Стой! Надо подобрать окурок фрица — приду к своим, покажу. А то еще не поверят, что видел немцев. Я вернулся на дорогу, поднял окурок сигареты, завернул его в клочок газеты и положил в карман. Немец лопух — тоже мне, разведчик! Покурил и бросил окурок на землю! Дураку известно, что в таком случае окурок надо было уничтожить, прикопать в землю!

В желудке было тупо, во рту пересохло. Я лежал, положив голову на свеклу, и бессмысленно смотрел в небо. Но недолго: опять послышался говор... Я перебираюсь ближе к дороге, смотрю... Теперь уже в гору, ко мне, со стороны Сухого Лимана шли фрицы. Без опаски, гурьбой, все вместе! Раз... два, три... их всего шестеро. Да, это разведка. Прошли, просмотрели дорогу до Сухого Лимана и спокойно возвращаются назад. Бояться им нечего. Никого они не встретили, никаких войск здесь нет. Идут свободно, болтают, смеются... Надо идти к своим! Не идти, а бежать! Надо срочно доложить, что у нас под носом уже немцы! Вот и причина у меня есть уйти, бросить свеклу и прицелы! Меня даже похвалит [101] командир за сведения о немцах! Вон они, остановились на дороге, курят! И недалеко до них: шагов 50–60. Если выстрелить — не промахнусь, я же стреляю метко! Меня всегда хвалят за стрельбу!

Я становлюсь на колено, удобно укладываю карабин в рогатульку ветки куста, сбрасываю предохранитель, прицеливаюсь... Выбираю самого крепкого... Он и стоит удобно для меня, лицом ко мне... Чуть ниже мушку... Я плотно прижимаюсь щекой к прикладу, затаиваю дыхание и плавно нажимаю на спусковой крючок. «Бах!» Фриц крутнулся волчком, вскинул руки вверх и грохнулся, покатился под откос с дороги.

Убил!.. Я убил фрица!.. Убил фашиста!

Какой-то миг я неподвижен, растерянно смотрю на дорогу, на немцев, тоже растерявшихся от неожиданного выстрела.

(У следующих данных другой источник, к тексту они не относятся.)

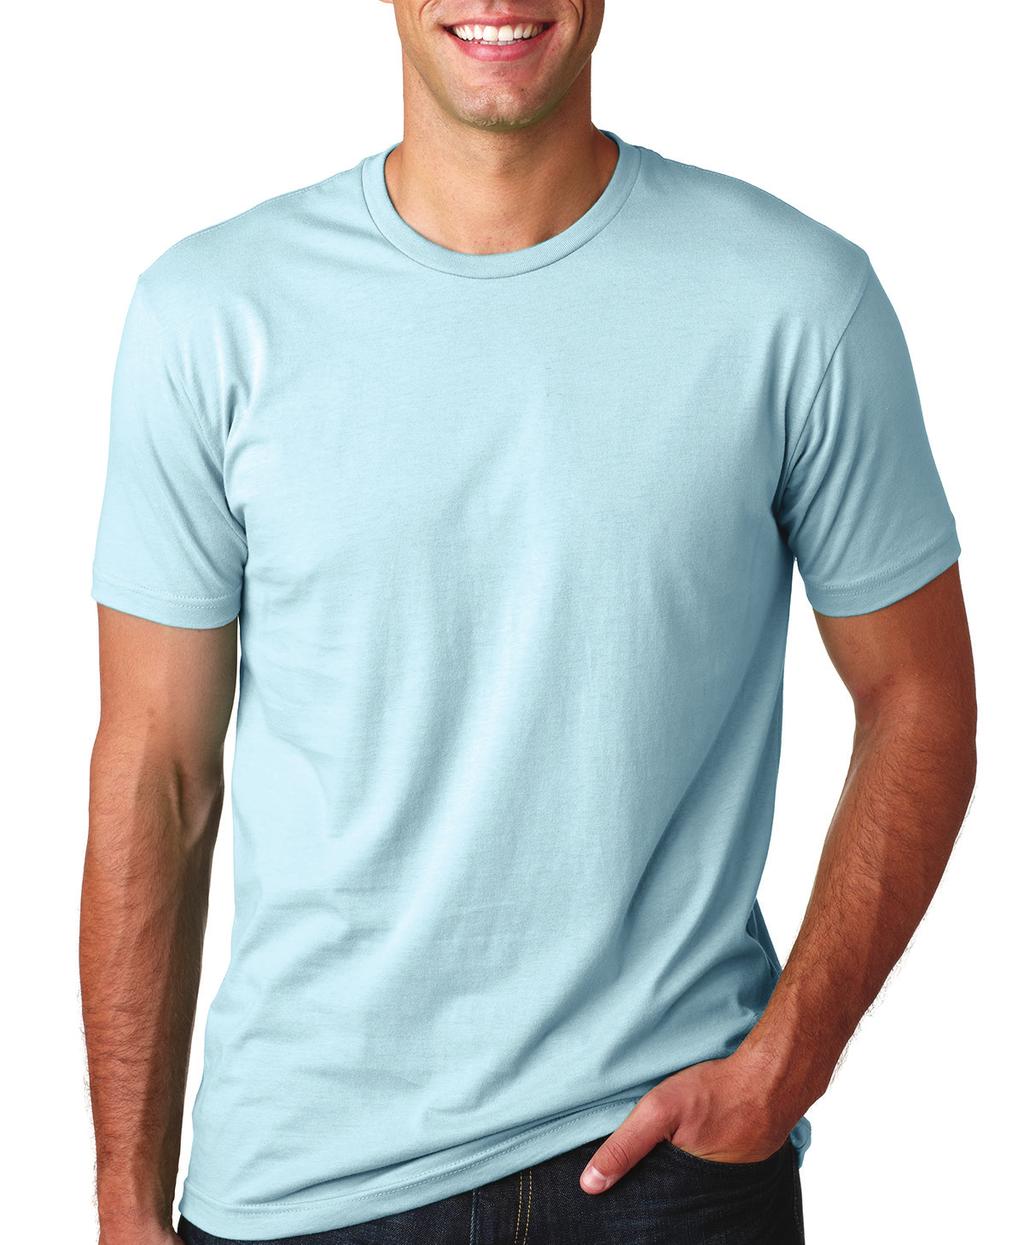 PRODUCT SELL SHEET 3600 Next Level Men s Premium Fitted Short-Sleeve Crew MSRP (A): CALL FOR

Вдруг они как-то разом падают и остервенело, еще не совсем поняв, откуда был выстрел, строчат во все стороны. Я отпрянул назад и во весь рост, не таясь (фрицы все равно меня не видят) помчался по дороге в Сухой Лиман. Поворот, еще поворот дороги — и вот рядом тропинка в кустах! Наверно, по ней можно быстрее спуститься. Я бегу, по ногам больно хлещут ветки. Локтем прикрываю лицо, берегу глаза. Остановился, слушаю... Никто меня не преследует. Успокаиваюсь, иду шагом: побоятся фрицы бежать за мной!

Дорога рядом, вильнув еще раз, полого сходит с горы из леса в широкую и ровную, как стол, долину. Почти совсем успокоившись, я иду по ней к попадающимся впереди домикам.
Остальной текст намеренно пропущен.